Bone Building Effected

  • Osteoporosis and hip fracture are correlated with elevated homocysteine. Not only does homocysteine promote oxidative stress, but it also interferes with collagen cross-linking, altering the bone matrix composition and increasing bone fragility.


Who is a good candidate to get tested? 

Anyone who has a family history of heart disease, stroke, diabetes or cognitive degeneration.  Additionally, anyone who has already been diagnosed with any of these conditions should be monitoring their homocysteine levels.  Individuals who have a family history or personal history of alcoholism or kidney disease will also be at risk. And, anyone who knows or suspects they have a genetic predisposition. Anyone on a diet that is low in B12, folate or B6. Anyone with gut infections or history or not digesting well, anyone is taking the following medications that are known to deplete the necessary B vitamins that help keep homocysteine in check. Which is why I check everyone!

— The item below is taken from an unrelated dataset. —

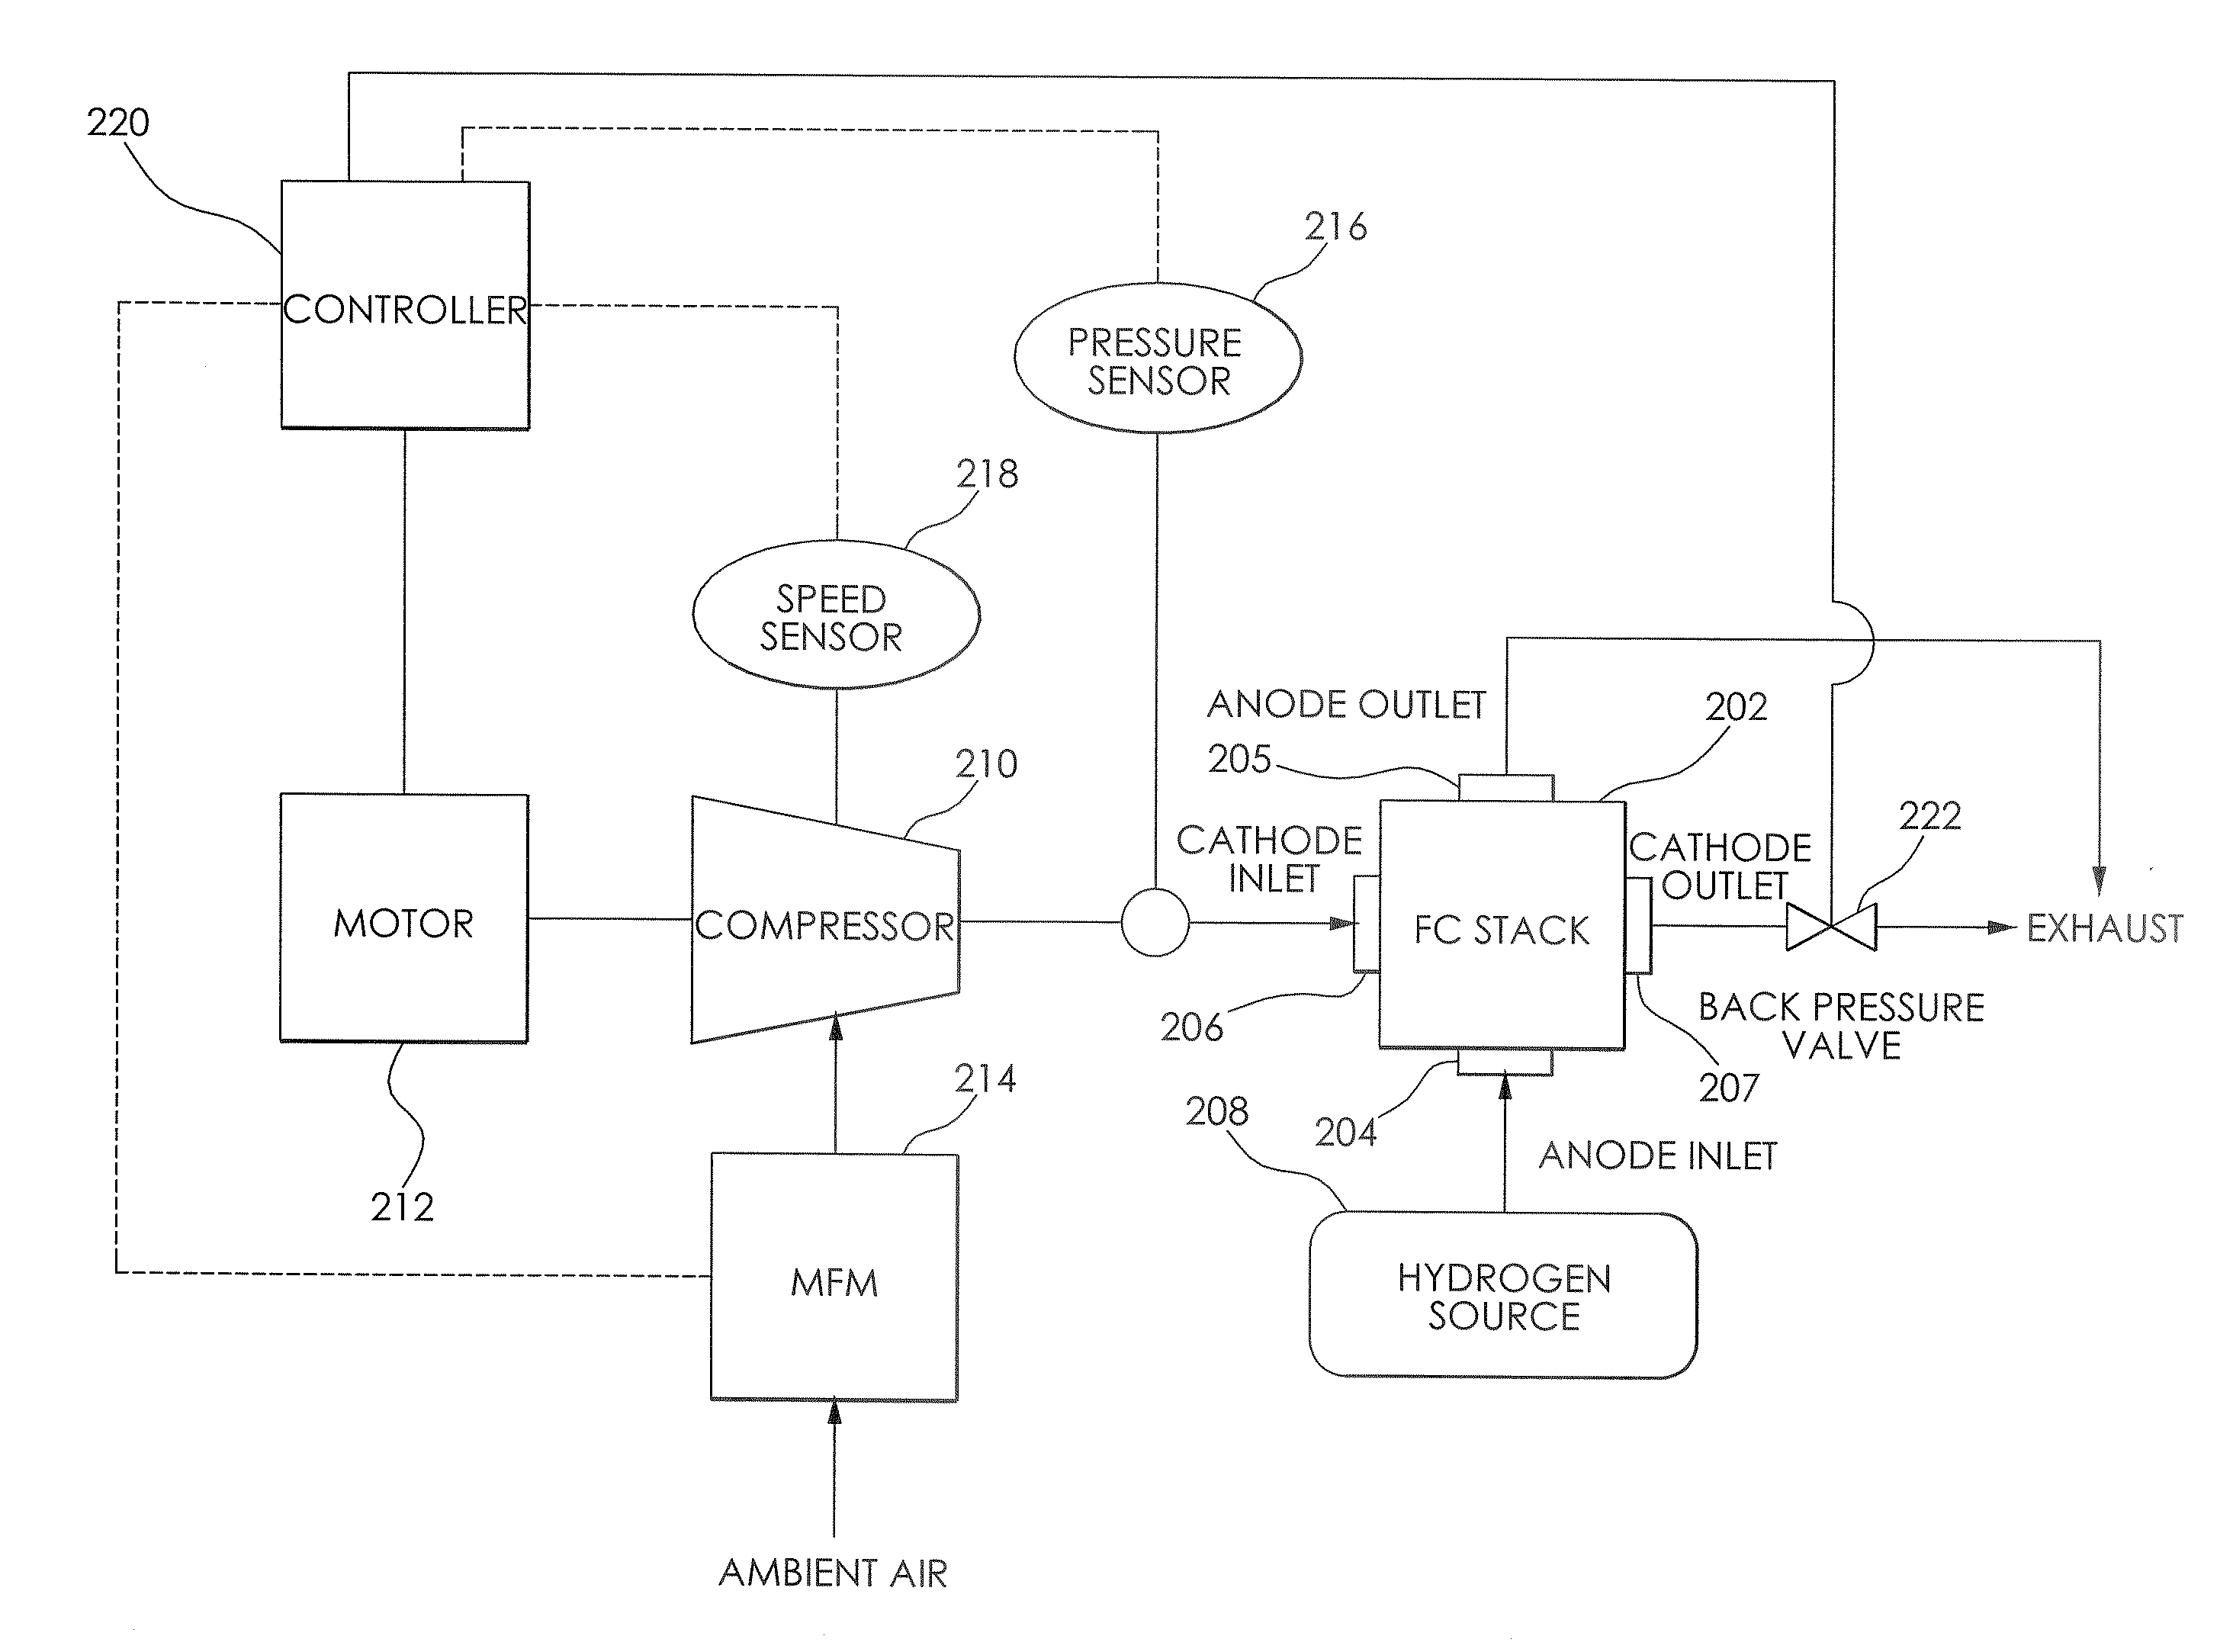 Adaptive compressor surge control in a fuel cell system

Strategies to Lower Homocysteine

Lowering homocysteine levels can be achieved through various dietary, lifestyle, and supplementation approaches. Here are some effective strategies:


Increase Intake of B Vitamins: Vitamins B6, B12, and folate (B9) are essential for homocysteine metabolism. Consuming foods rich in these vitamins can help lower homocysteine levels.

  • Folate (B9) - chicken and beef liver, asparagus, avocado, spinach (raw and cooked) as well as other dark leafy greens, green peas, oranges

  • Vitamin B6 - beef liver, tuna, salmon, chicken, egg yolk, dark leafy greens, bananas, papayas, oranges, cantaloupe

  • Vitamin B12 - organ meats, shellfish, fish, meat, poultry, eggs, dairy (especially those with live cultures)

Eat Foods Rich in Betaine: Betaine, found in foods like beets, spinach, quinoa, and wheat bran, can help lower homocysteine levels by facilitating its conversion to methionine.


Limit Alcohol Consumption: Excessive alcohol intake can interfere with the body's ability to metabolize and remove homocysteine. Limiting alcohol consumption or avoiding it altogether can help reduce homocysteine levels.


Quit Smoking: Smoking increases homocysteine levels and oxidative stress in the body. Quitting smoking can lead to a reduction in homocysteine levels and improve overall health.


Exercise Regularly: Regular physical activity can help lower homocysteine levels by improving circulation, reducing inflammation, and enhancing overall metabolic health.


Maintain a Healthy Weight: Obesity is associated with higher homocysteine levels. Maintaining a healthy weight through a balanced diet and regular exercise can help lower homocysteine levels.


Consider Supplementation: If dietary intake is inadequate or if there are absorption issues, supplementation with B vitamins (B6, B12, folate) may be necessary. However, it's essential to consult with a healthcare professional before starting any supplementation regimen.


Manage Stress: Chronic stress can contribute to elevated homocysteine levels. Practicing stress-reducing techniques such as meditation, yoga, deep breathing exercises, or spending time in nature can help lower stress levels and subsequently reduce homocysteine levels.


Get Enough Sleep: Poor sleep quality and duration have been linked to higher homocysteine levels. Aim for 7-9 hours of quality sleep per night to support overall health and lower homocysteine levels.


By incorporating these strategies into your lifestyle, you can effectively lower homocysteine levels and reduce the associated health risks. However, it's essential to consult with a healthcare professional before making significant dietary or lifestyle changes, especially if you have underlying health conditions or are taking medications.